As Nye notes, these machines may cost tens of millions of dollars, and hospitals tend to lease them from the manufacturer. Those contracts often bar health systems from updating or patching the software without written permission. That means that these heavy-duty systems typically run old, spotty software, such as Windows XP, which is the system that Orangeworm targeted.
“The only reason that this entire campaign works at all is because of these old systems,” Nye says. “We have way too many systems sitting in these hospitals that hospitals have no control over, and the imaging suite is the biggest offender.”
His solution: Cut them off from everything else. Make sure that these machines can’t connect with other networks and devices, as they are insecure and likely will be for some time.
Since Kwampirs malware is a noisy, backdoor Trojan. “It’s very old, and it’s very loud, and it’s very easy to find,” says Nye. So, when a health system gets infected, it should learn of the problem quickly, even if it has just the most rudimentary cyber tools. That’s the good news.
The bad news? If a healthcare org doesn’t find this malware early on, it means that something is severely broken in its cyberdefenses. Imaging suites make this more difficult, but now is the time to examine updates, scans, antivirus programs, and all.
This won’t be easy, but it’s worth a shot. Moving forward, healthcare organizations must be more aggressive in striking contracts with device manufacturers, especially those focused on medical imaging, Nye says. Ensure that these documents include language about patching: For example, get it in writing that once a vulnerability is identified, the vendor has 90 days to fix the issue.

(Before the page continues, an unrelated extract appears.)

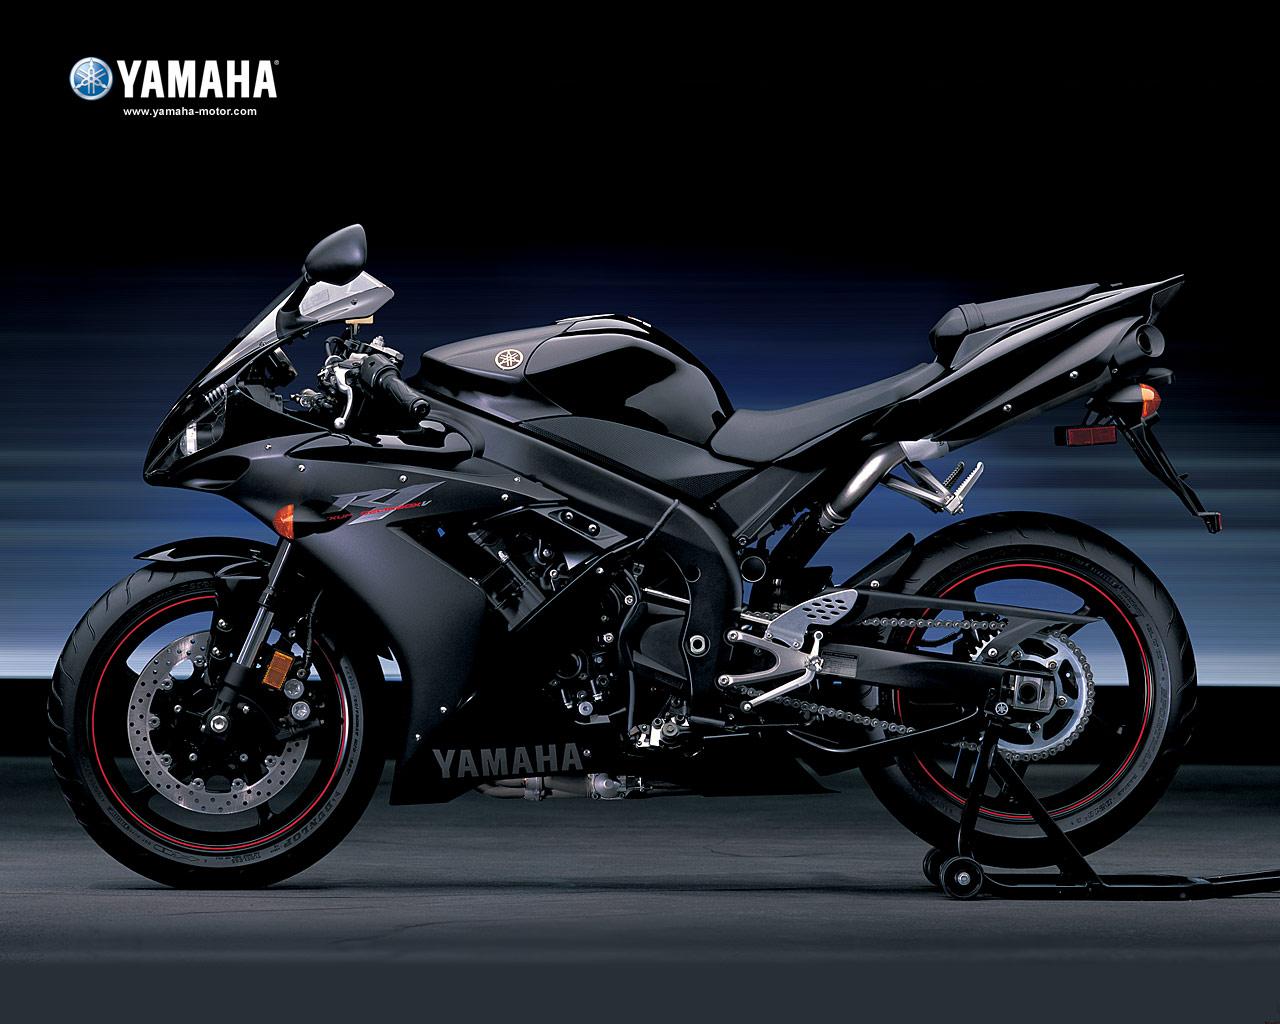 http://1.bp.blogspot.com/-kMXXgg8kmsM/T3l14XzAB0I/AAAAAAAABzM/krzWvtg_w48/s1600/Wallpaper+Yamaha+R1.jpg

Many of the Orangeworm-affected companies were not in healthcare, but they worked alongside healthcare. So, how can a healthcare organization ensure that its vendors have strong cyberdefenses when the institution doesn’t know how to protect itself? Nye says this is, and likely will remain, a tough box to check.

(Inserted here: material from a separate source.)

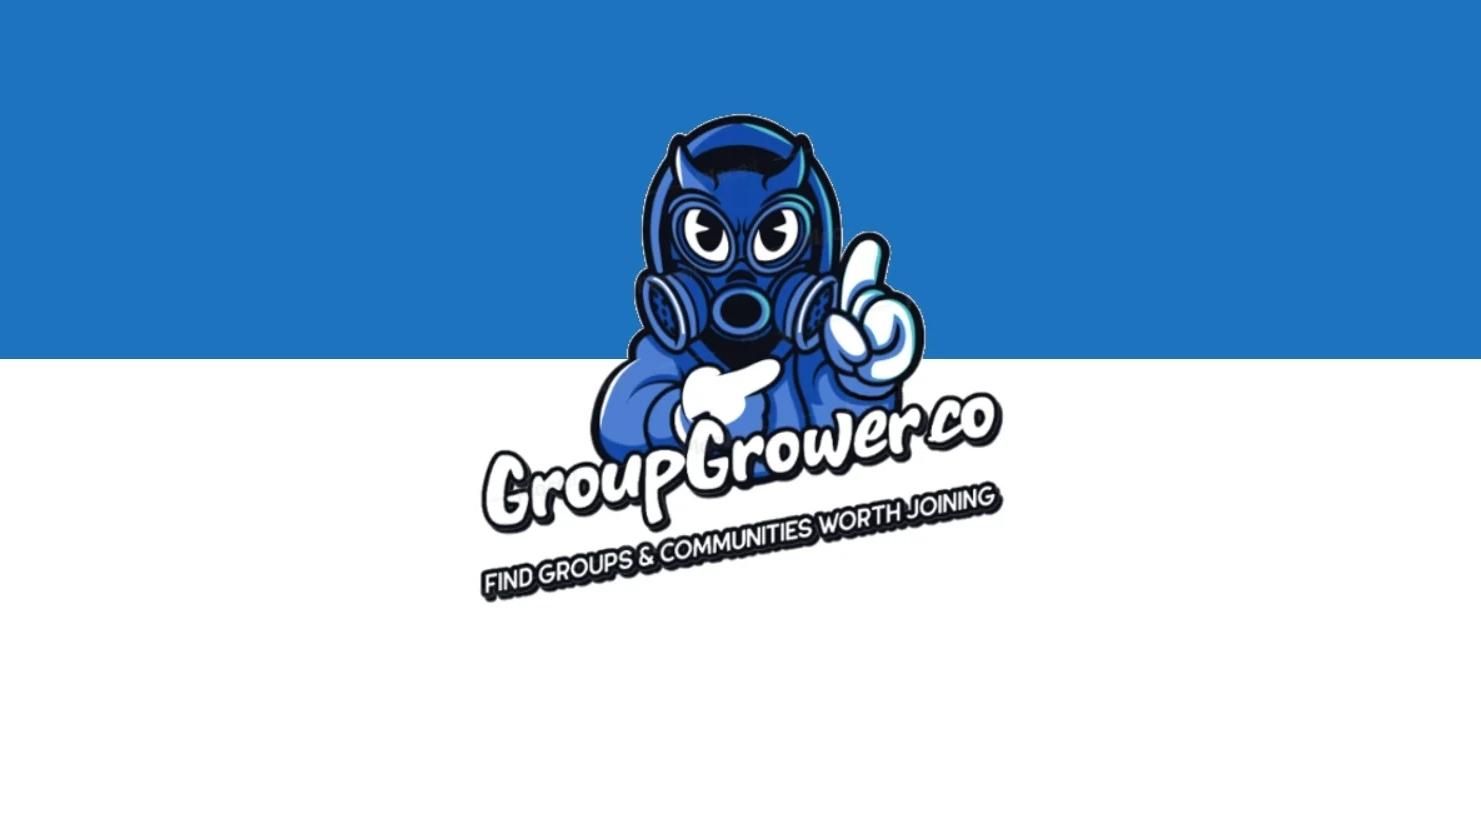 grouppowerco

But healthcare groups must be more vigilant about the companies they retain and, again, how they structure contracts. Don’t just take what’s on the table; push for greater, proven cybersecurity measures, even if the vendor has been on the team for years and appears safe.
Although the US FDA is requesting money and support from Congress to form a team to investigate and learn how to prevent cyberattacks on medical devices, whether that will pan out is unclear. Medical imaging manufacturers, meanwhile, appear unwilling to change their ways, Nye says.
So, the lack of incentive to improve leaves healthcare organizations in a place without much purchasing power. “It’s a huge problem, and I don’t know how we’re going to fix it,” Nye says, “unless we got every hospital and every provider to band together.”
Unlikely? Sure. But if health systems and the industry as a whole were to push for, say, contracts with more cybersecurity tools and accountability, perhaps the MRI machine would no longer be a ticking time bomb. And the rapid progression of healthcare consolidation could give big providers, like Kaiser Permanente, the power to push for stronger provisions, Nye says. State hospital associations may also use their clout in this area, as they have done so in the past to get better deals on electronic health records, he adds.